Aim of the task » Word for word, print out all of the data, omitting every image.

Dataset content »
= = = =

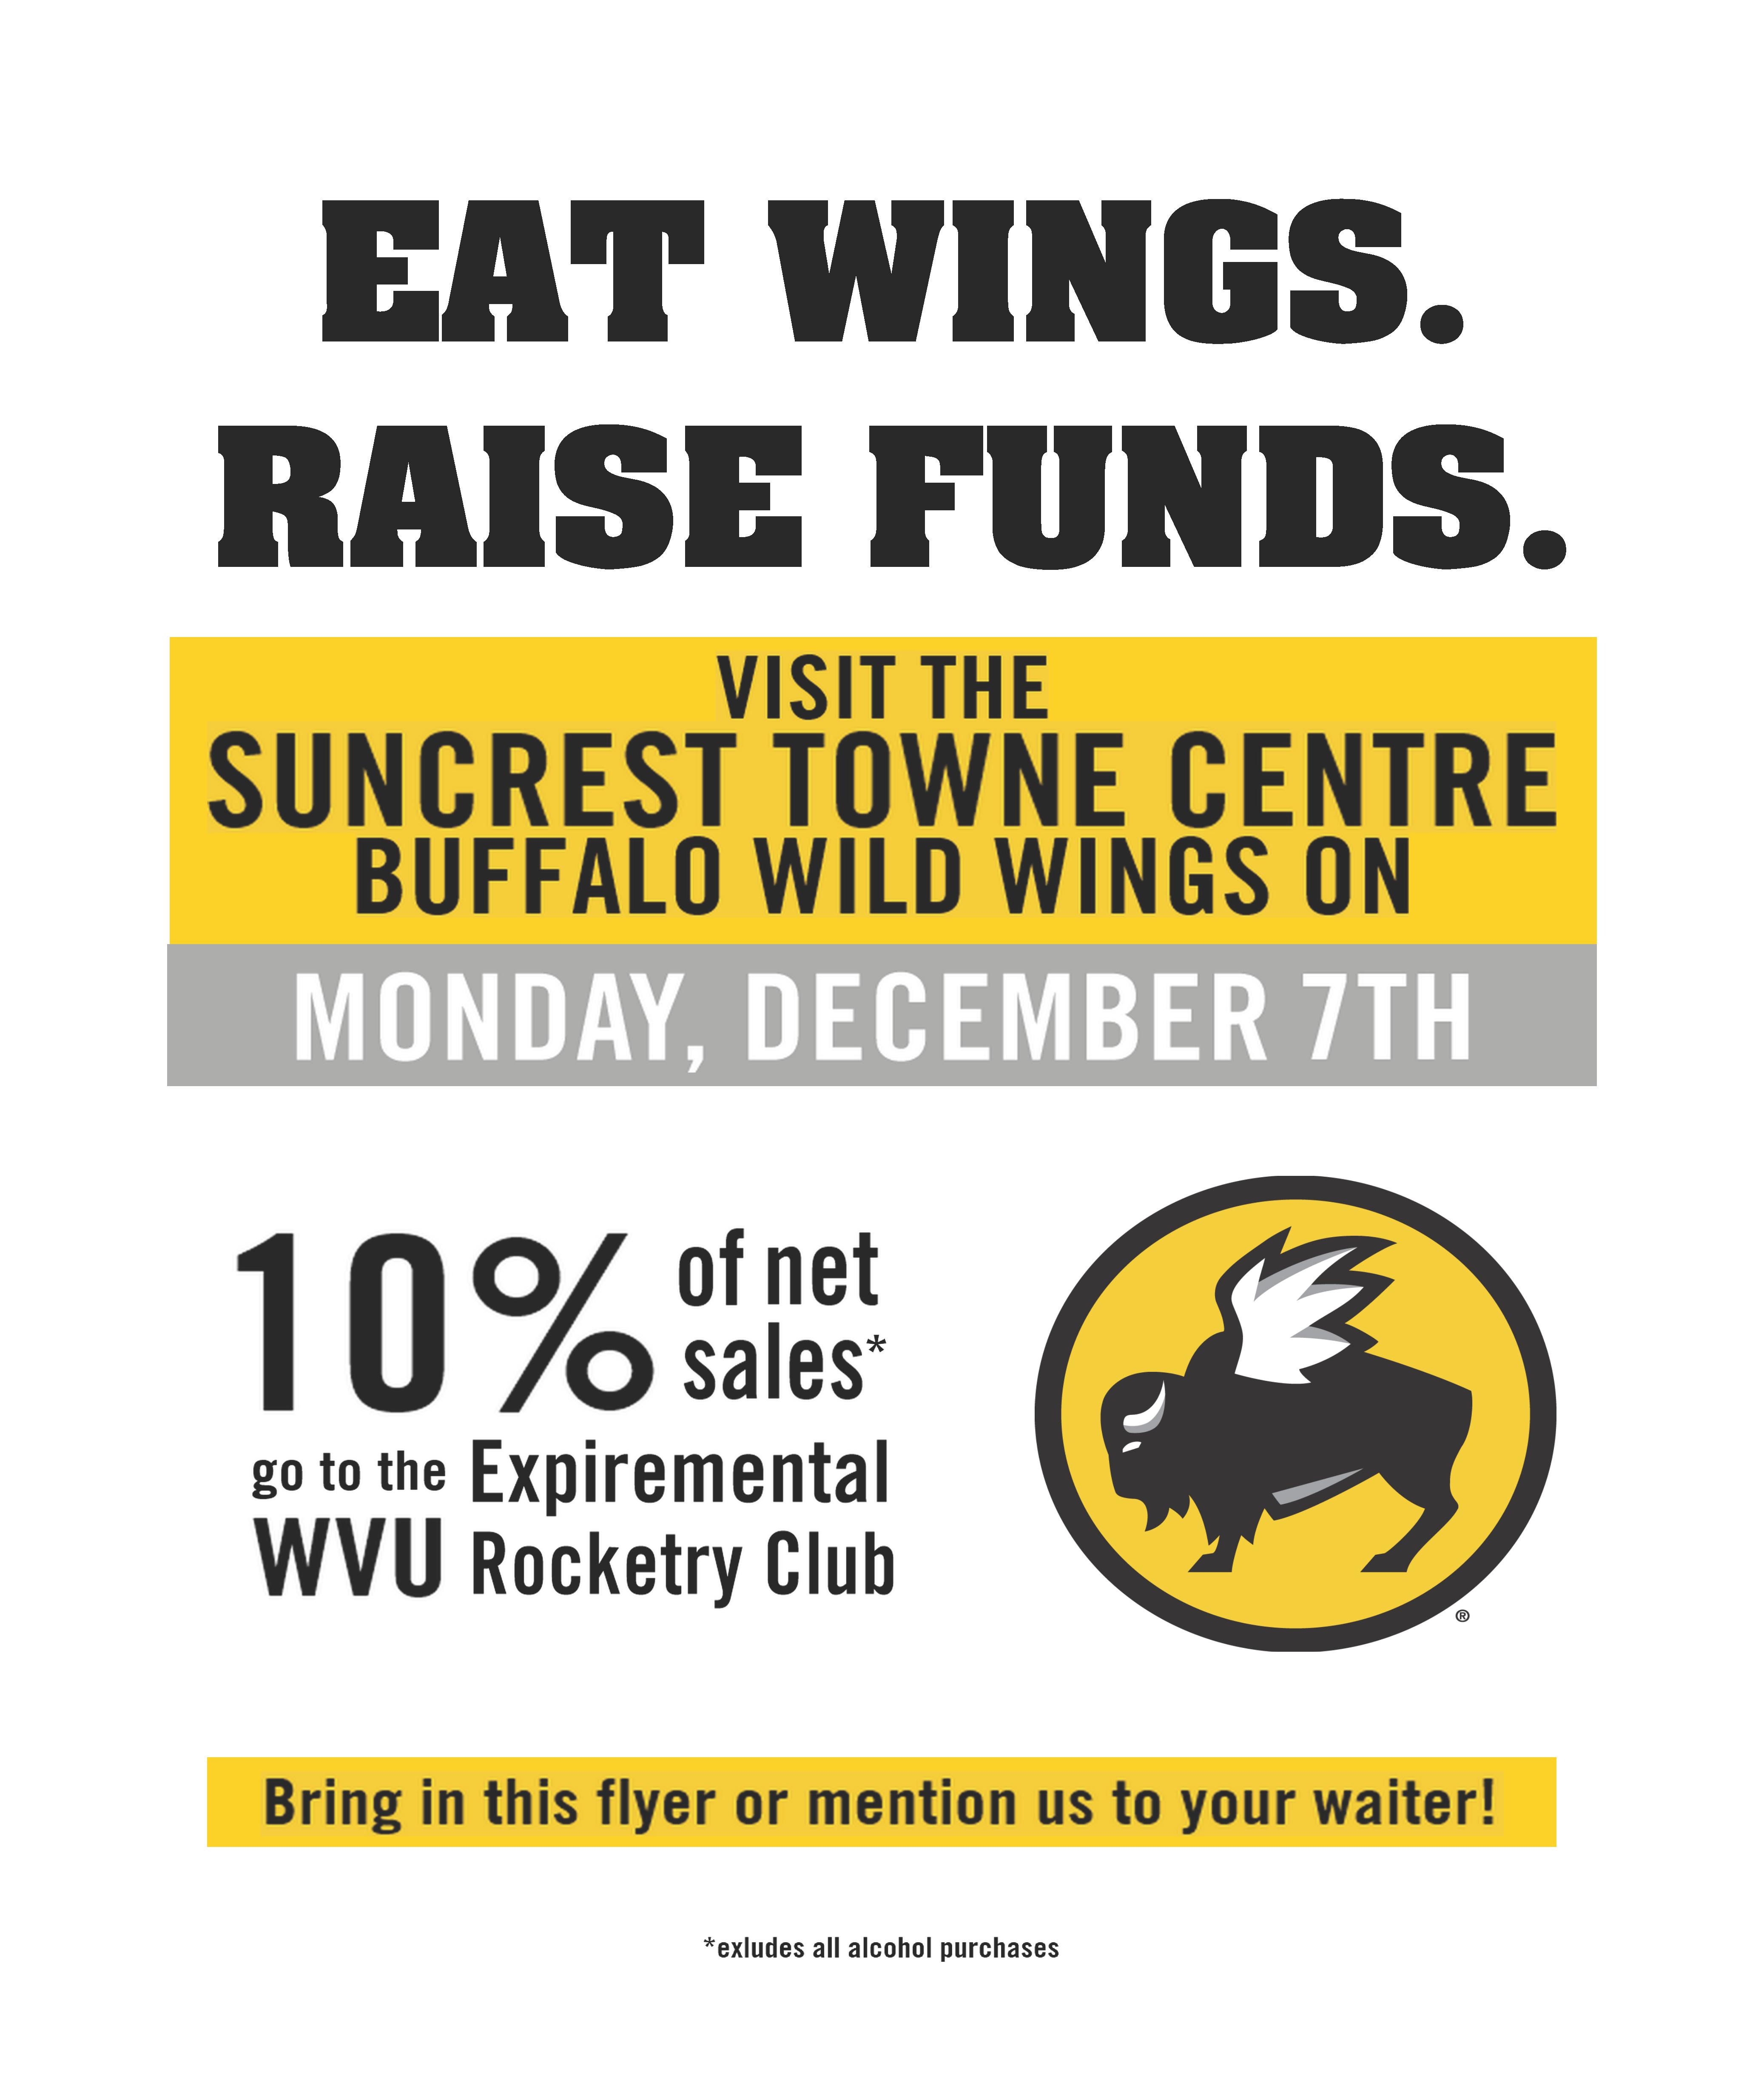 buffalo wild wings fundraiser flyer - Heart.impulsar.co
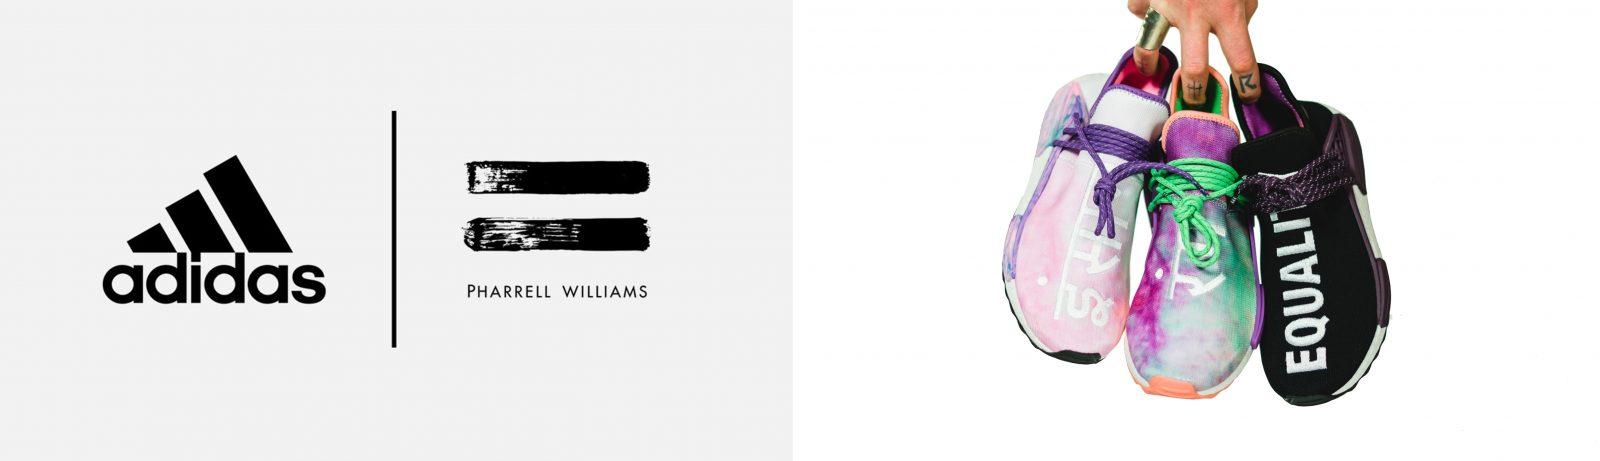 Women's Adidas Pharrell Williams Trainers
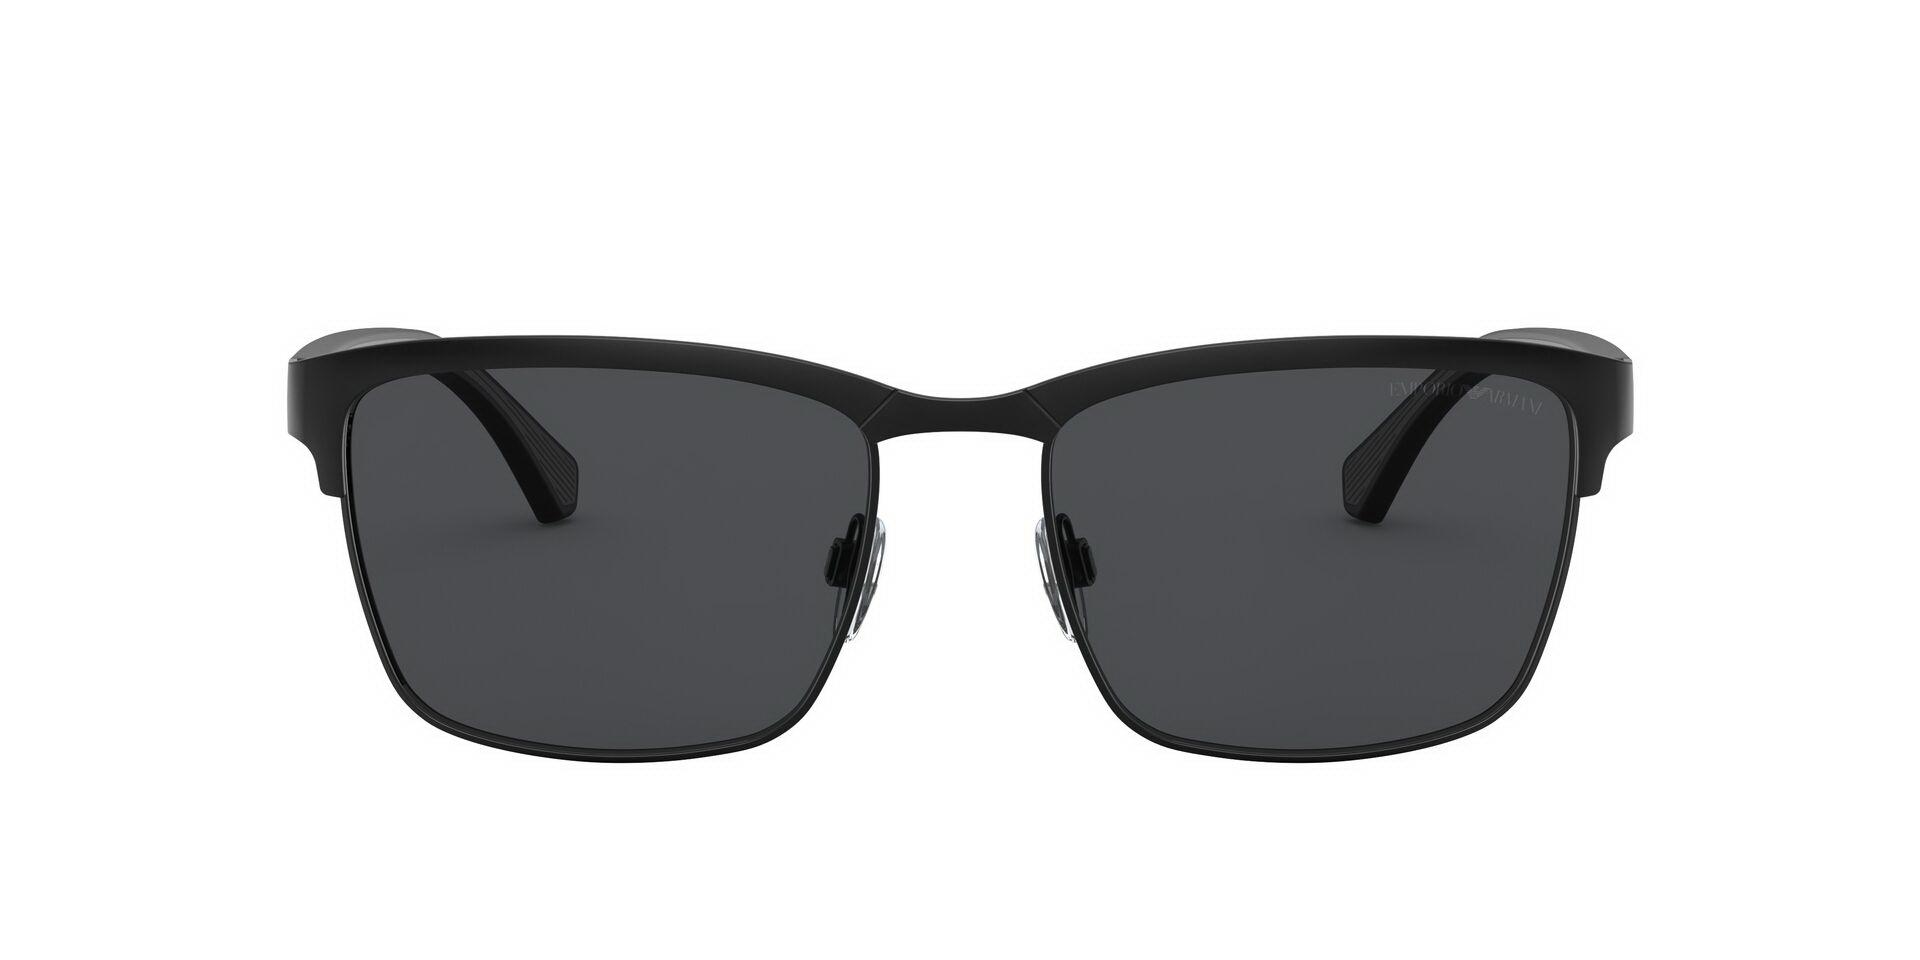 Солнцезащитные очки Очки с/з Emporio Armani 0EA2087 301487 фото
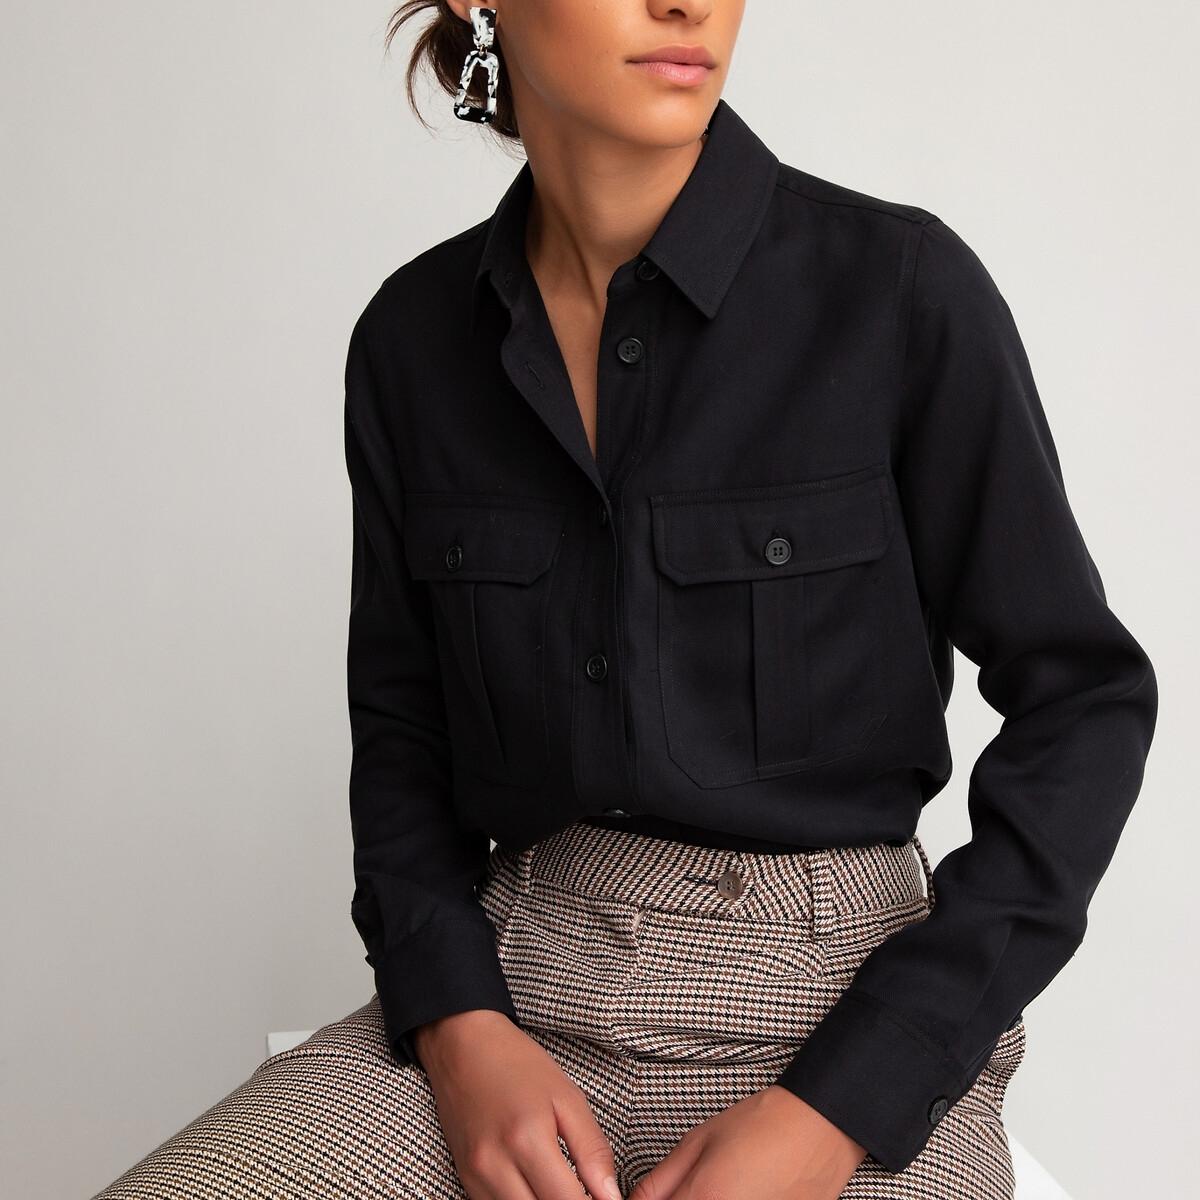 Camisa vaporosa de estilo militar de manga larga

= = = =

Result of this task »
 buffalo wild wings fundraiser flyer - Heart.impulsar.co
 Women's Adidas Pharrell Williams Trainers
 Солнцезащитные очки Очки с/з Emporio Armani 0EA2087 301487 фото
 Camisa vaporosa de estilo militar de manga larga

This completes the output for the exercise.